TASK REQUIREMENTS:
Please restate, word for word, the lines below that begin at the one with "CyberGhost's Hulu-optimized streaming" and end at the one with "Freeze Alarms and Temperature Alarms". Leave out all other lines.

Extracted data entries

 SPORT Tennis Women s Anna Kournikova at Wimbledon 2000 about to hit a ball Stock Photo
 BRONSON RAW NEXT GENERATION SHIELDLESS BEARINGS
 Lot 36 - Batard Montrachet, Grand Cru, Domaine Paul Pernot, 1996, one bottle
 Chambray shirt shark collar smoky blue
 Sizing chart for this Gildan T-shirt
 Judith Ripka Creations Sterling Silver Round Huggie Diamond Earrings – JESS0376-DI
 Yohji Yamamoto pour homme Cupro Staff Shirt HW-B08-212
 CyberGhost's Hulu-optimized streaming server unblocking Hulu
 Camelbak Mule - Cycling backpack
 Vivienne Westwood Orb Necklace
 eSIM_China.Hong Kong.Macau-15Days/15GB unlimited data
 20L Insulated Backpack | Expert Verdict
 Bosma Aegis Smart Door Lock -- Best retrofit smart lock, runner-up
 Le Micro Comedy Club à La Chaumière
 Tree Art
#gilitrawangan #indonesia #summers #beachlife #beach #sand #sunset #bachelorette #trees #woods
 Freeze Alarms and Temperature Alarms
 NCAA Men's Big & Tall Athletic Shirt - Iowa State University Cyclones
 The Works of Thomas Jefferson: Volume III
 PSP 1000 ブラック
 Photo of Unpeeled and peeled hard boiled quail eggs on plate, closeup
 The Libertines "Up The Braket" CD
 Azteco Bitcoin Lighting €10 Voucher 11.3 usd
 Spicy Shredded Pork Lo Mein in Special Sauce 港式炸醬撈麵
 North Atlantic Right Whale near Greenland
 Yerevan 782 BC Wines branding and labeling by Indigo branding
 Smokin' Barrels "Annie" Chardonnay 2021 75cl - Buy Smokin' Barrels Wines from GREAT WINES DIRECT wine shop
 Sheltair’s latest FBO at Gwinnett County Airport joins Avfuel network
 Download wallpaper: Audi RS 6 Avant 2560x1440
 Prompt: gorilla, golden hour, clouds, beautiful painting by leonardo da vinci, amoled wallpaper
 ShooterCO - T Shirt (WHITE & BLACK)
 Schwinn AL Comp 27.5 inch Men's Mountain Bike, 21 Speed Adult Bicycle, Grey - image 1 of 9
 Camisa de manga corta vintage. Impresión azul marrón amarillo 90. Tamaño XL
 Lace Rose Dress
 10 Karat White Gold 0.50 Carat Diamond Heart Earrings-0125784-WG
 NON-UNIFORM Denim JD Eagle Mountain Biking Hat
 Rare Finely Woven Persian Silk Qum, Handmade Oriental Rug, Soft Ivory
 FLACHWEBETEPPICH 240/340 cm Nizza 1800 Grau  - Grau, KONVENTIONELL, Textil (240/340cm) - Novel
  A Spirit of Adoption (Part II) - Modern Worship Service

RESULT OF THE EXERCISE:
 CyberGhost's Hulu-optimized streaming server unblocking Hulu
 Camelbak Mule - Cycling backpack
 Vivienne Westwood Orb Necklace
 eSIM_China.Hong Kong.Macau-15Days/15GB unlimited data
 20L Insulated Backpack | Expert Verdict
 Bosma Aegis Smart Door Lock -- Best retrofit smart lock, runner-up
 Le Micro Comedy Club à La Chaumière
 Tree Art
#gilitrawangan #indonesia #summers #beachlife #beach #sand #sunset #bachelorette #trees #woods
 Freeze Alarms and Temperature Alarms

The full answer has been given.